Overview and metadata sections
The Frankford Yellow Jackets were an early twentieth-century football club located in the Frankford section of Northeast Philadelphia, Pennsylvania. The team was the first professional football team to play in Philadelphia, joining the National Football League (NFL) in 1924. The Yellow Jackets ceased operations in late 1931, and its franchise was returned to the NFL. In 1933, the NFL granted an expansion franchise to Bert Bell and Lud Wray, who formed a new team named the Philadelphia Eagles.
The Frankford Yellow Jackets were initially a sandlot football club organized in 1899 by the Frankford Athletic Association.

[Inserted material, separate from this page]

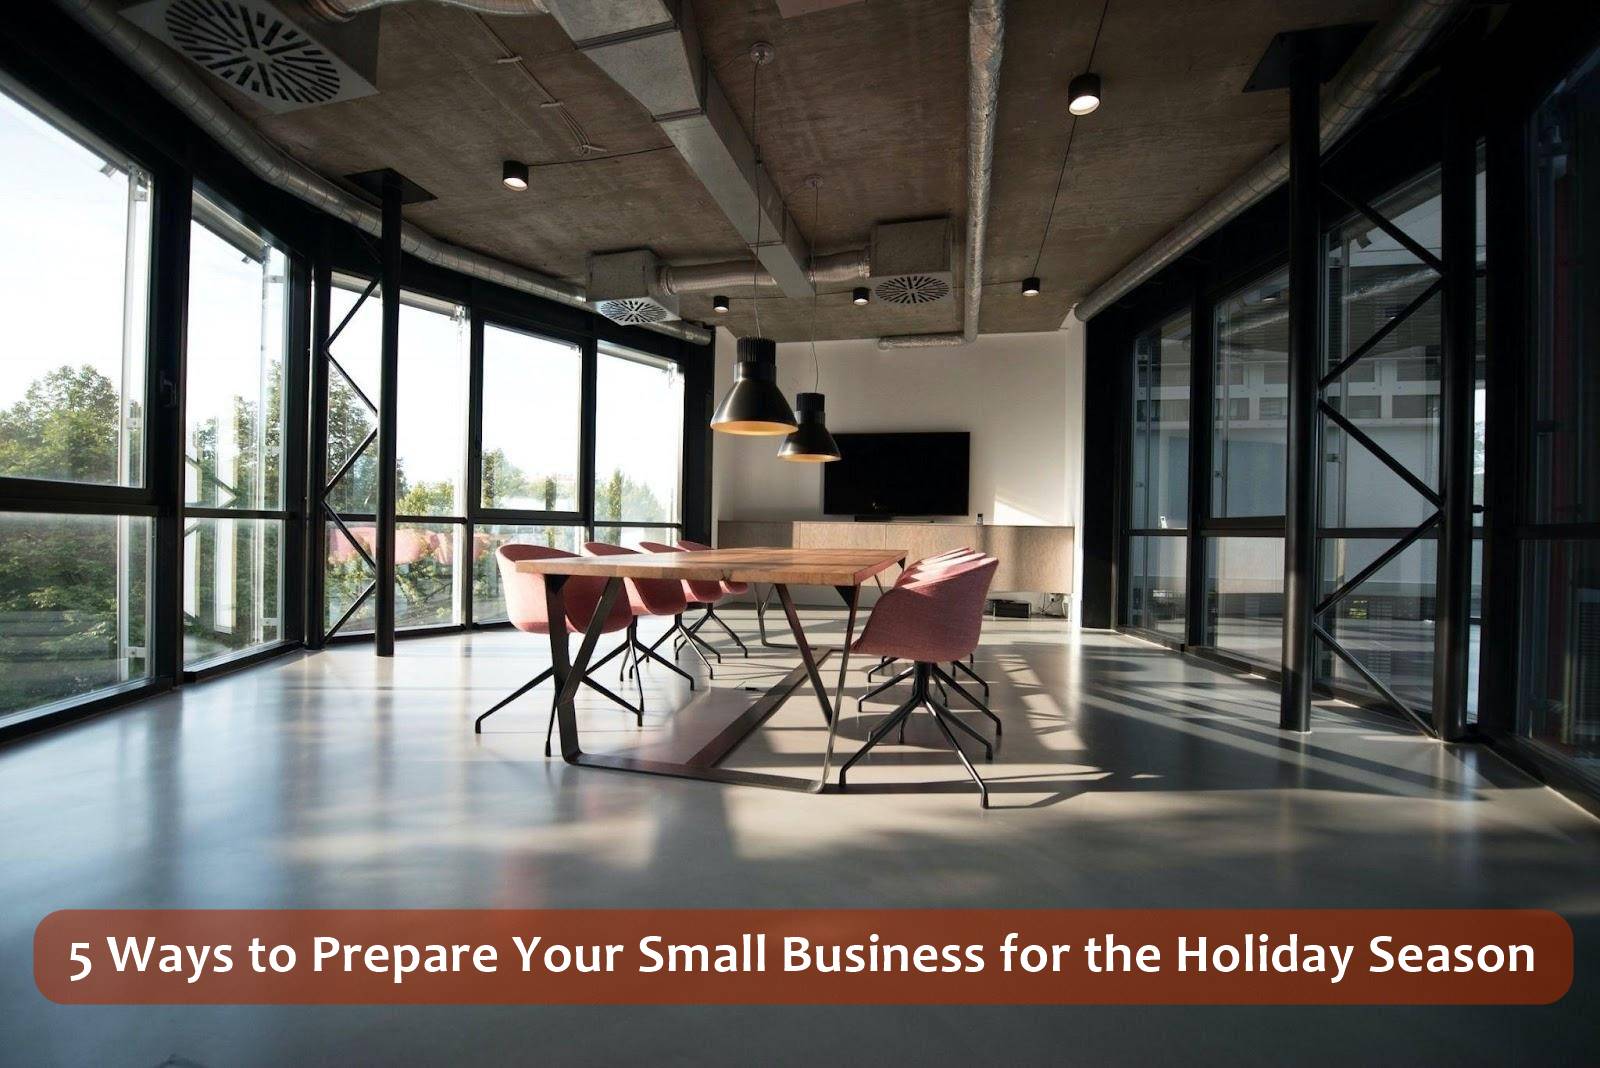 5 Ways to Prepare Your Small Business for the Holiday Season

In the early 1920s, the team began to garner attention as one of the best independent football teams in the country.
Although still an independent team, the Frankford Yellow Jackets faced their first National Football League opponent, the Rochester Jefferson, in a scrimmage in 1922. The Yellow Jackets won, 20-0, and went on to play several other NFL teams in scrimmages in 1922 and 1923. In 1924, the Frankford Athletic Association was granted an NFL franchise for the Frankford Yellow Jackets and the team officially joined the National Football League.
The Frankford Yellow Jackets were one of the most successful NFL teams in the 1920s, completing their first season in 1924 with an 11-2-1 NFL record. Between 1924 and 1931, the Yellow Jackets scheduled more games than any other team in the NFL. A majority of the team's games were played back-to-back, with home games in Philadelphia on Saturdays and road games on Sundays. The team played home games at Frankford Stadium, built on a converted horse track in 1923 at Frankford Avenue and Devereaux streets. In 1926, the Frankford Yellow Jackets were the NFL champions, the first time a Philadelphia team had won a national football championship. That same season, the team set an NFL record with fourteen wins in a season, a record which would not be broken until sixty years later.
The team was supported by a band, cheerleaders, and a mascot, along with its own fight song. The Frankford Yellow Jackets were also a part of the Frankford community. The players lived in boarding houses in Frankford, often passing time playing football with the kids in the neighborhood streets. The team also donated any income generated beyond the player's salaries and team expenses to local charities such as Frankford Hospital.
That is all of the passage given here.